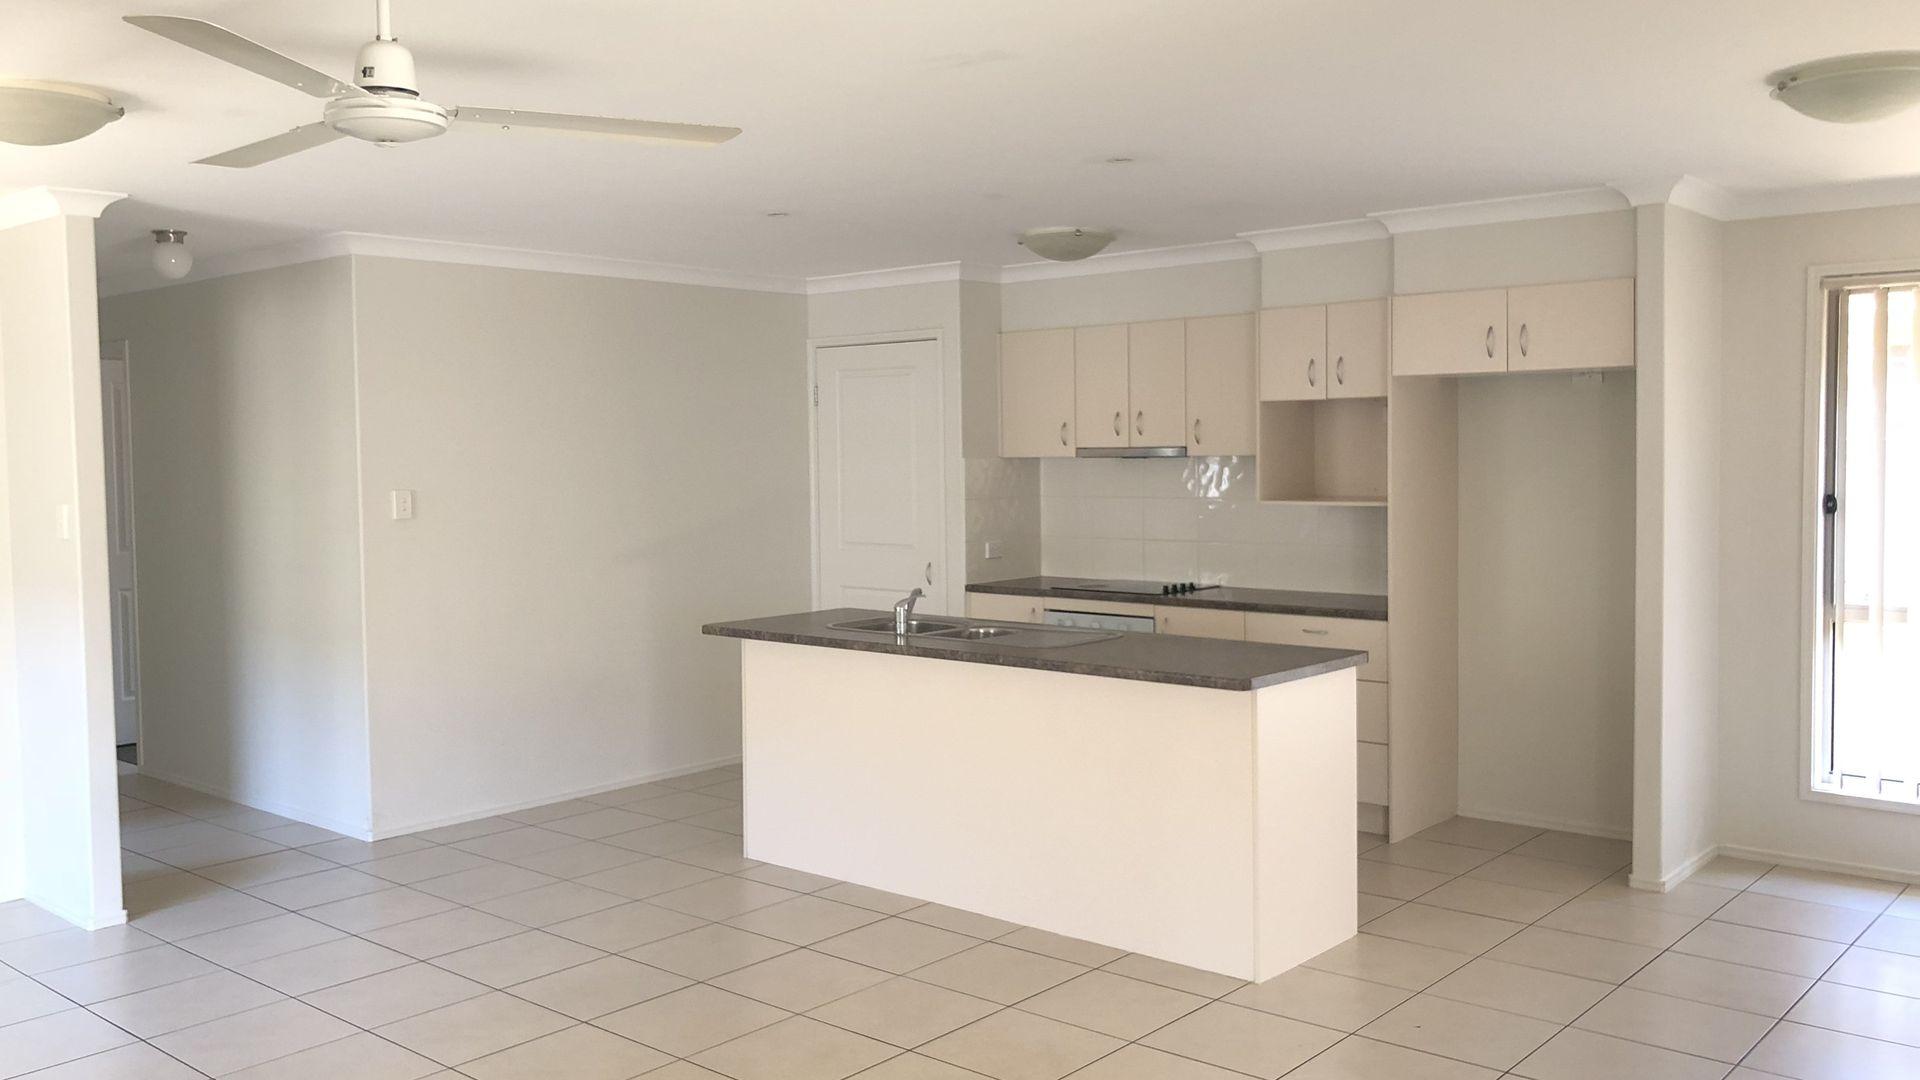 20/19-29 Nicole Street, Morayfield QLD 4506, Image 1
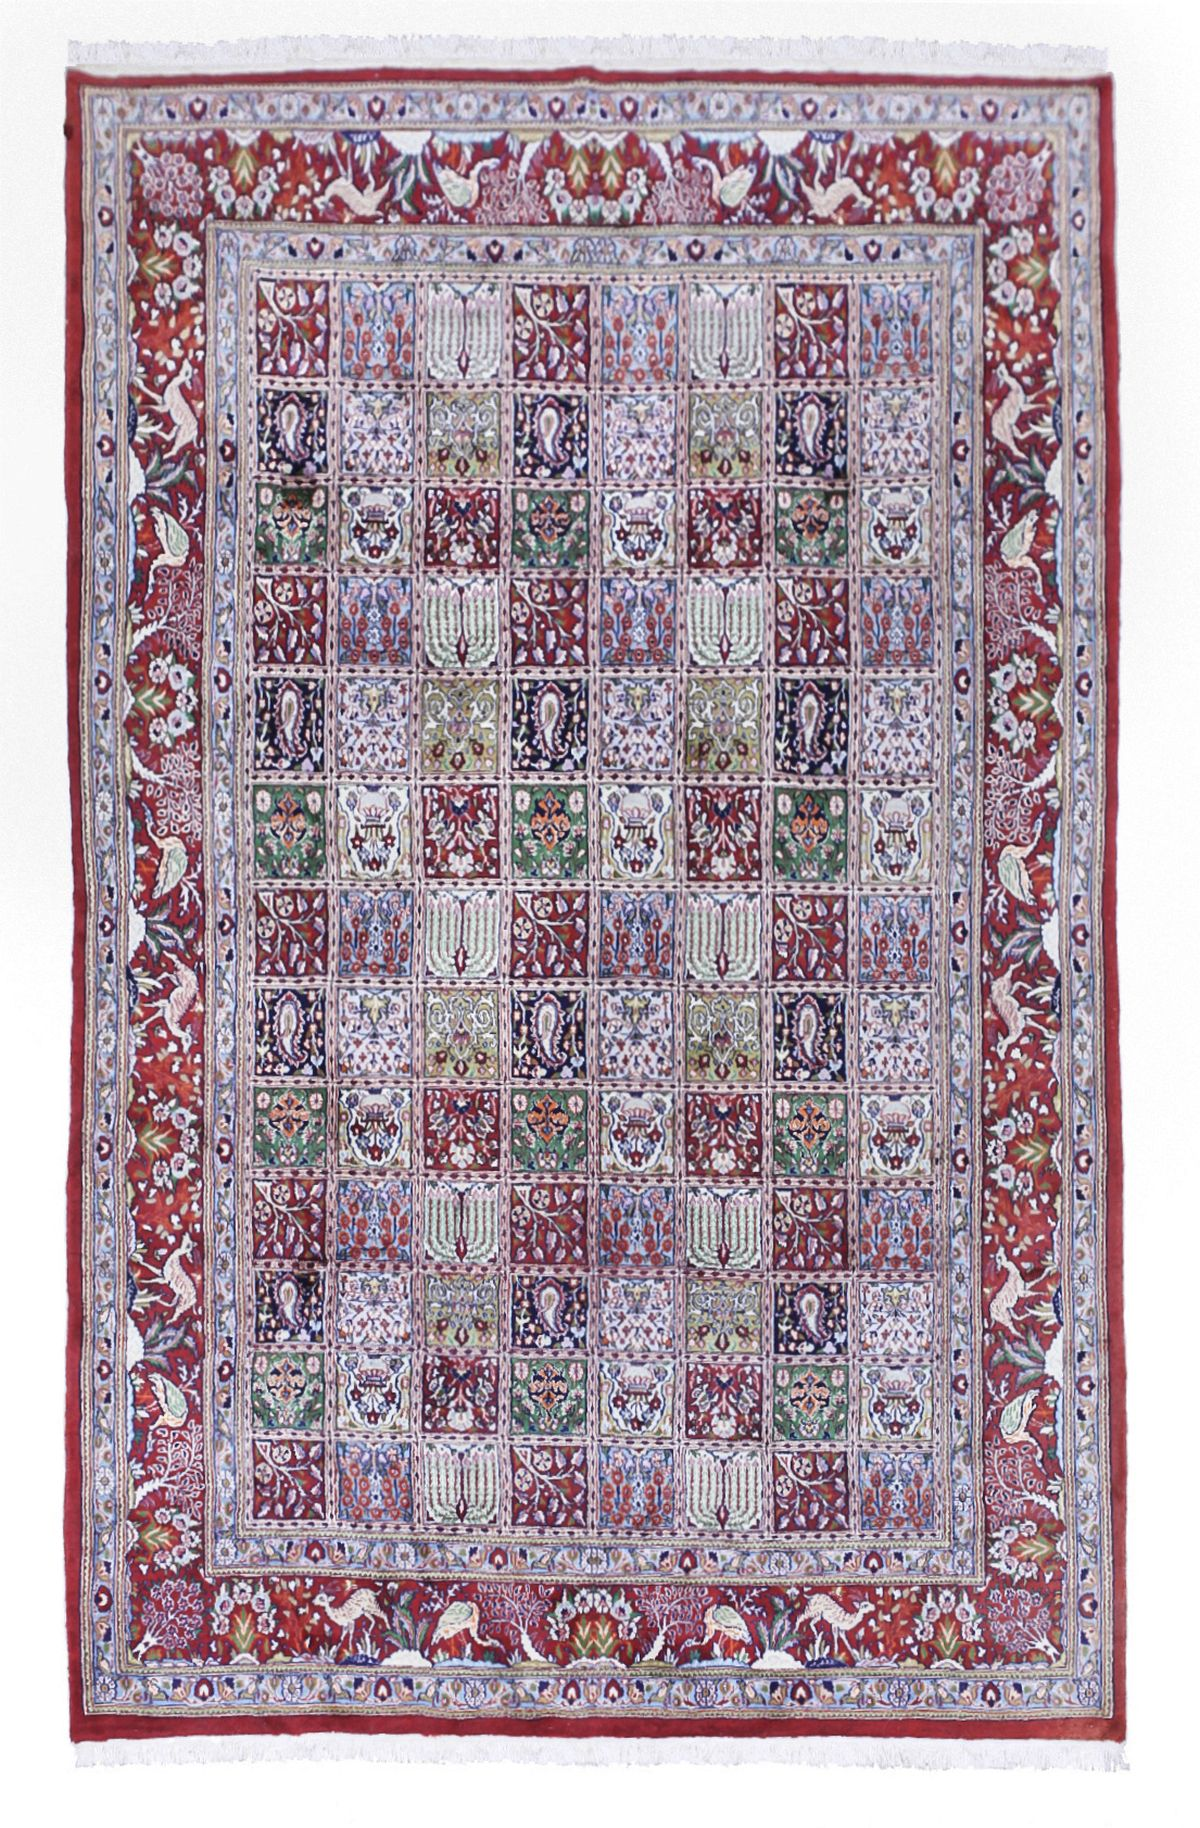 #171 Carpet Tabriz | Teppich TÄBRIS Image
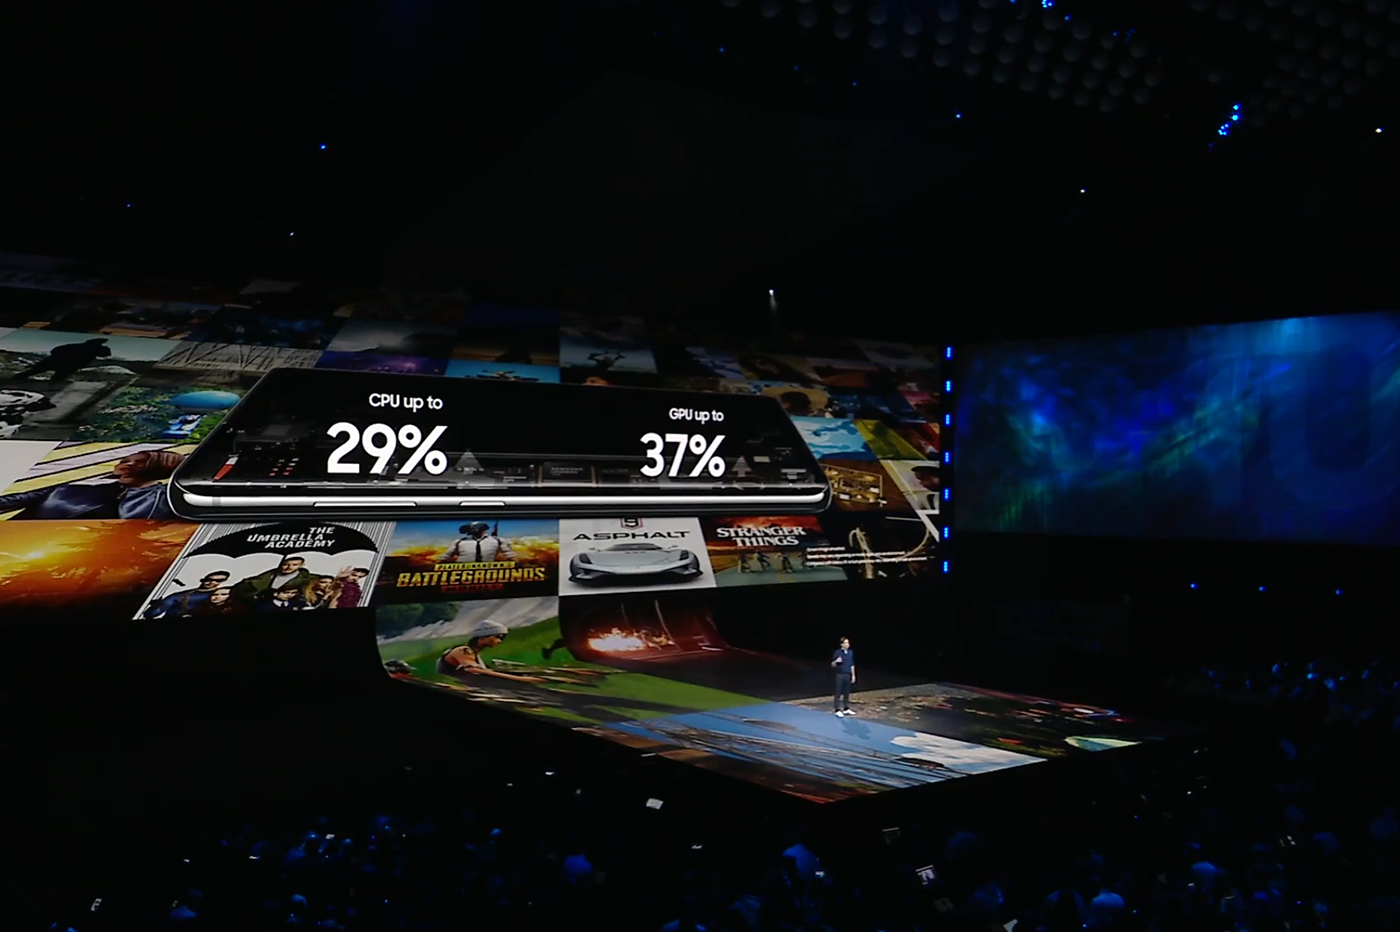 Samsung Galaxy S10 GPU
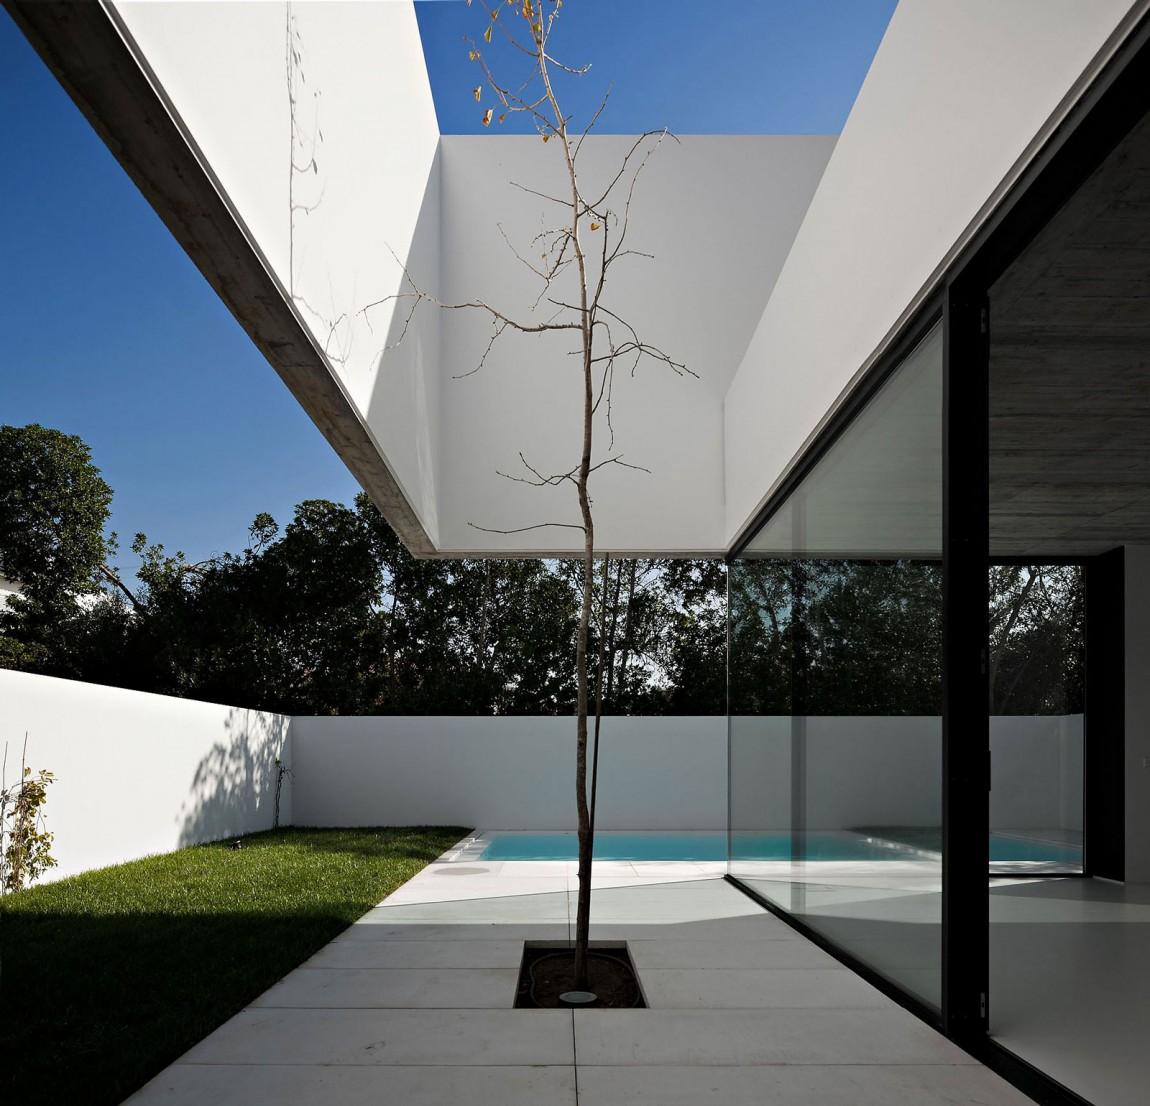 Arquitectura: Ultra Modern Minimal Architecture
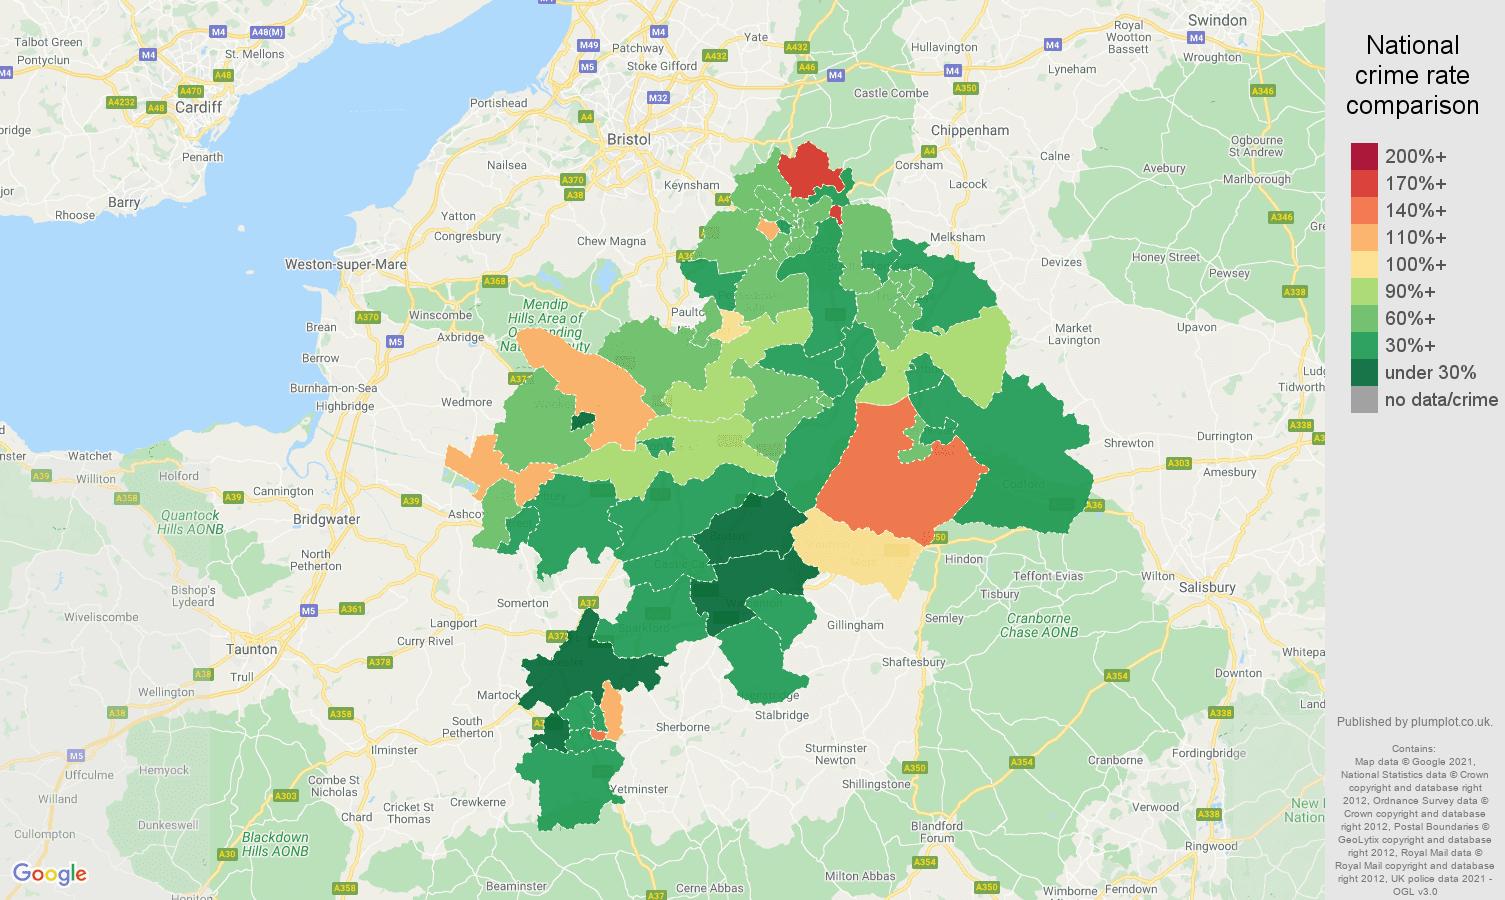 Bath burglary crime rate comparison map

----------------

* [Description of the task] Each line from the one that contains "Arquitectura: Ultra Modern" to the end of the listing must be quoted exactly; no other line and no picture belongs in the copy.

* [Expected output]
 Arquitectura: Ultra Modern Minimal Architecture
 Bath burglary crime rate comparison map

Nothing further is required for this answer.